Problem details –
The whole listing is to be written out again exactly; the pictures are not.

Input data –
++++++++
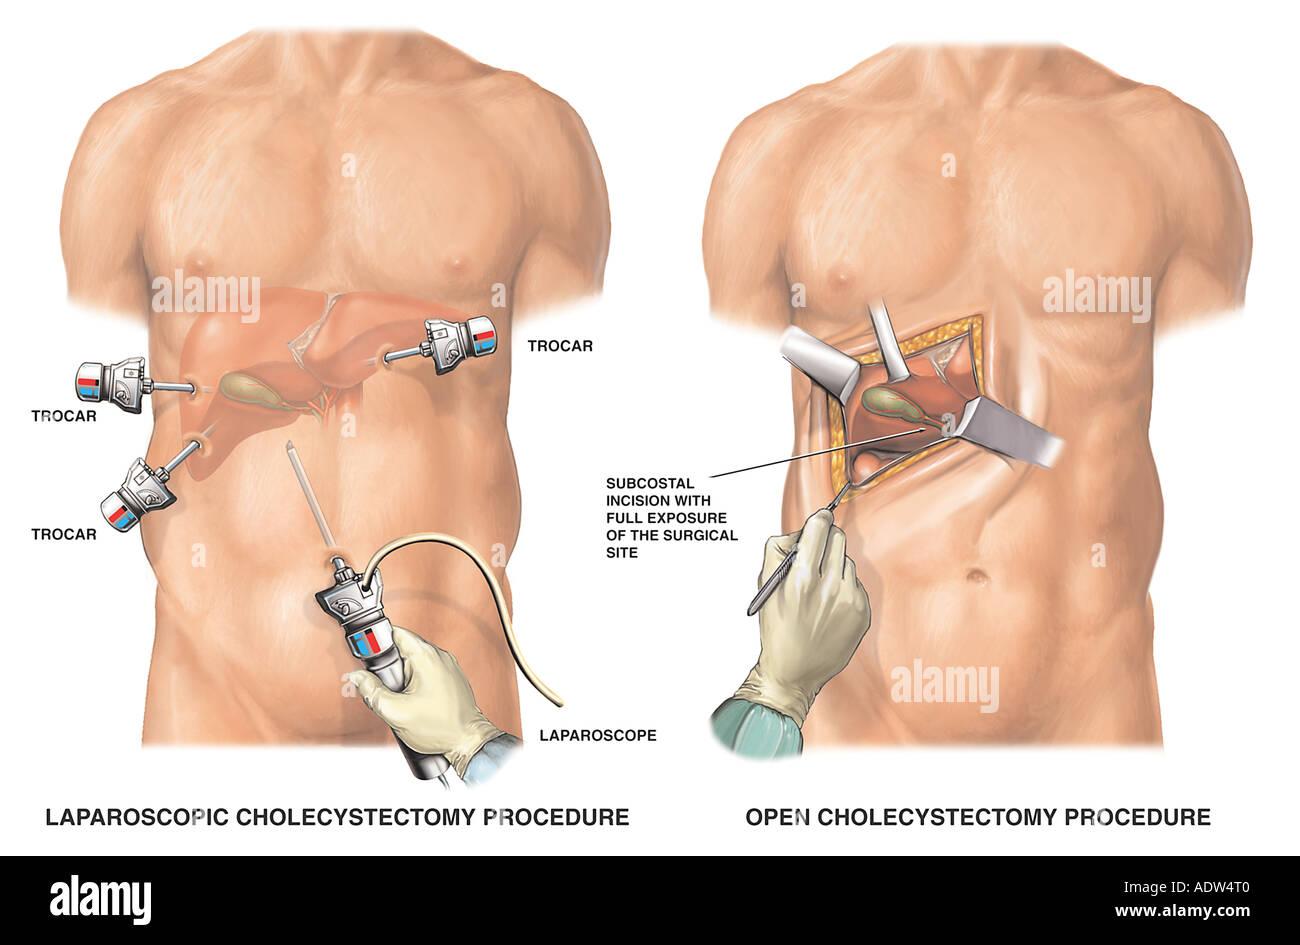 Cholecystectomy Imágenes De Stock & Cholecystectomy Fotos De Stock ...
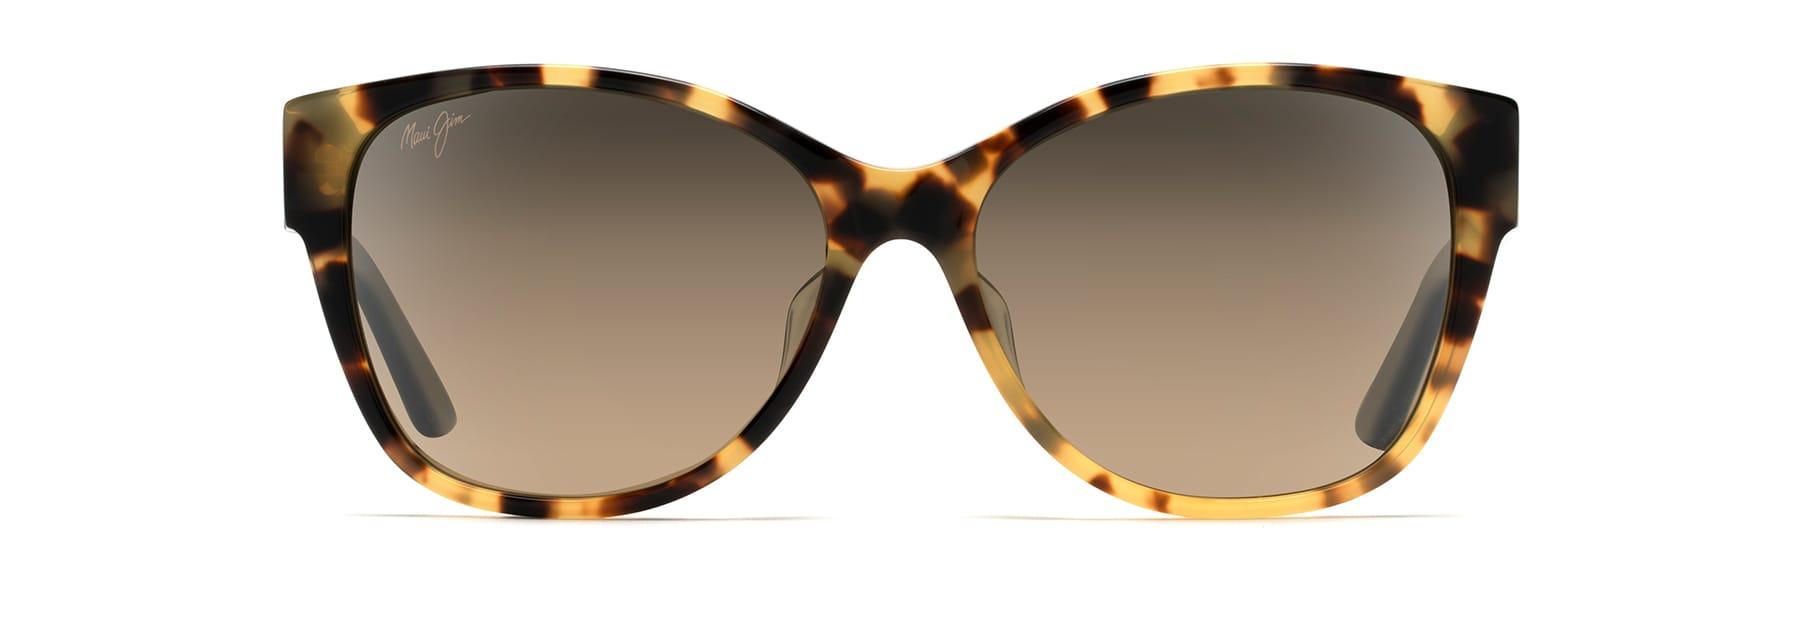 2ae42175d5a Summer Time Polarized Sunglasses
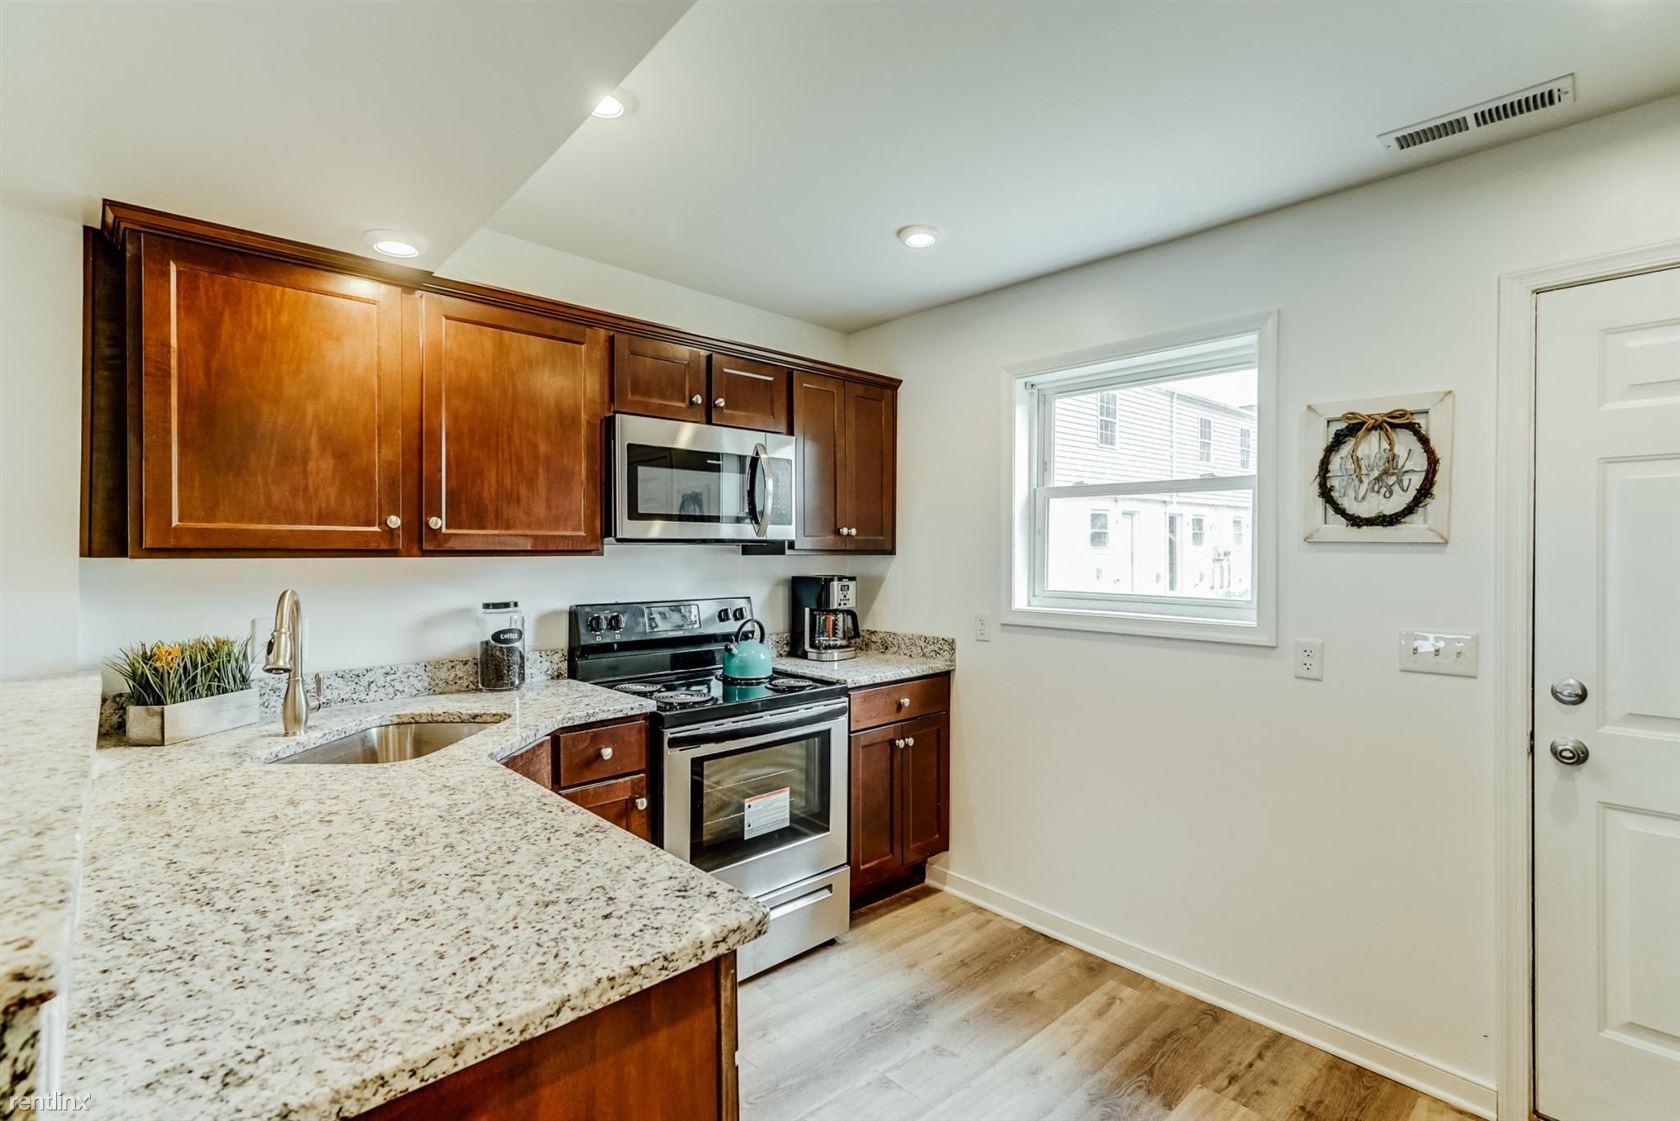 509 N 35th St, Richmond, VA - $1,195
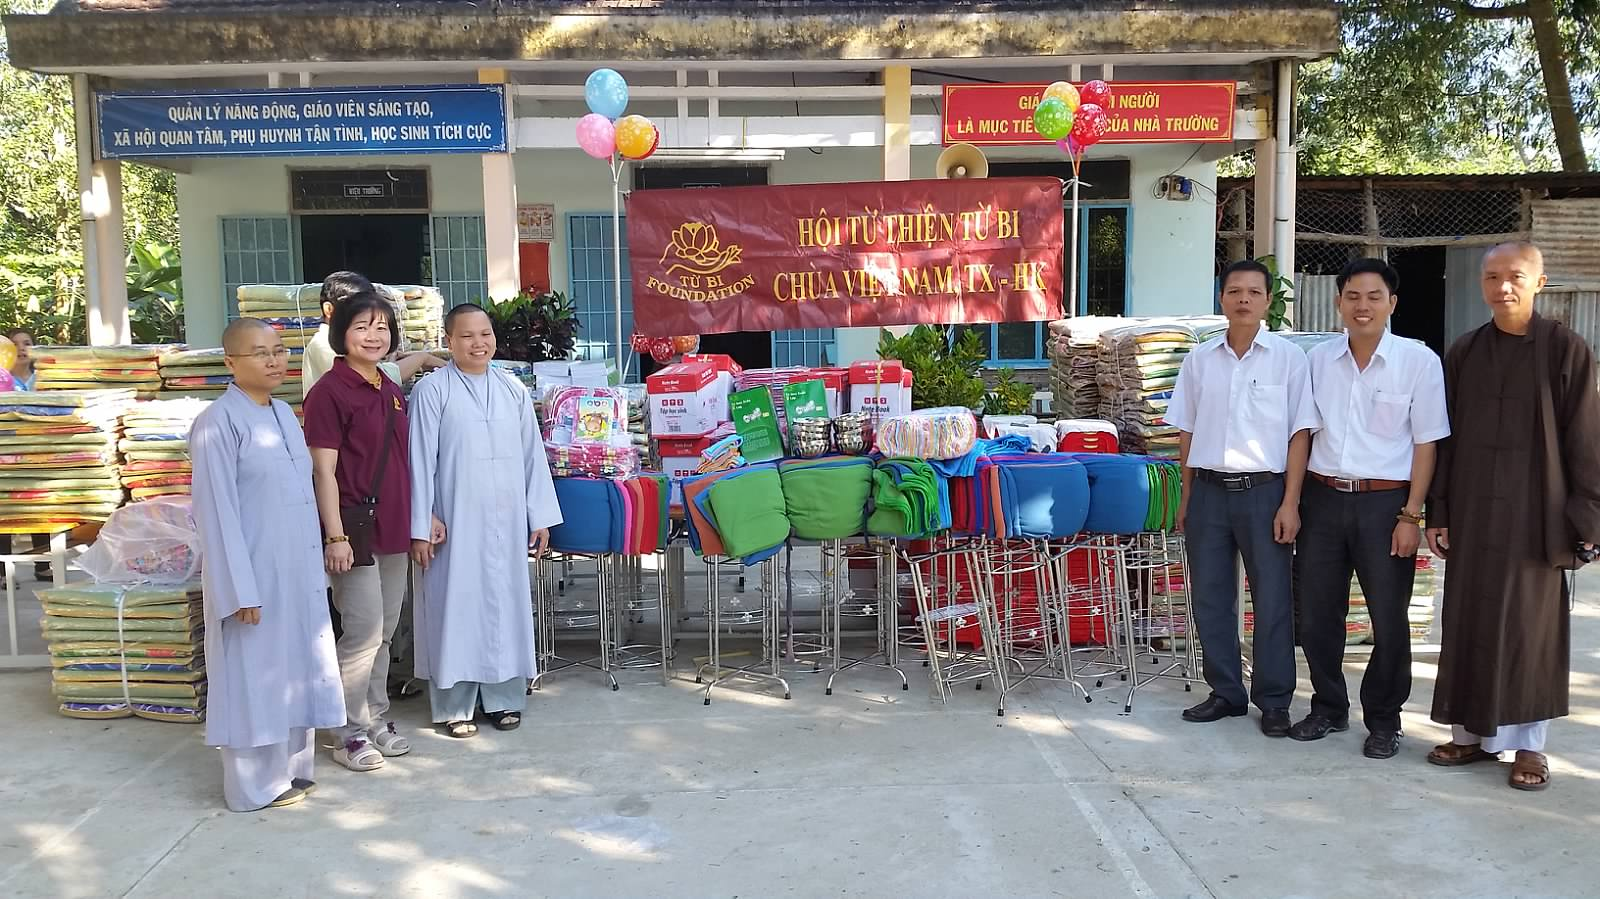 TQ Tieu Hoc Khanh Thuong 08
++++++++
Exercise result –
 Cholecystectomy Imágenes De Stock & Cholecystectomy Fotos De Stock ...
 2ae42175d5a Summer Time Polarized Sunglasses
 509 N 35th St, Richmond, VA - $1,195
 TQ Tieu Hoc Khanh Thuong 08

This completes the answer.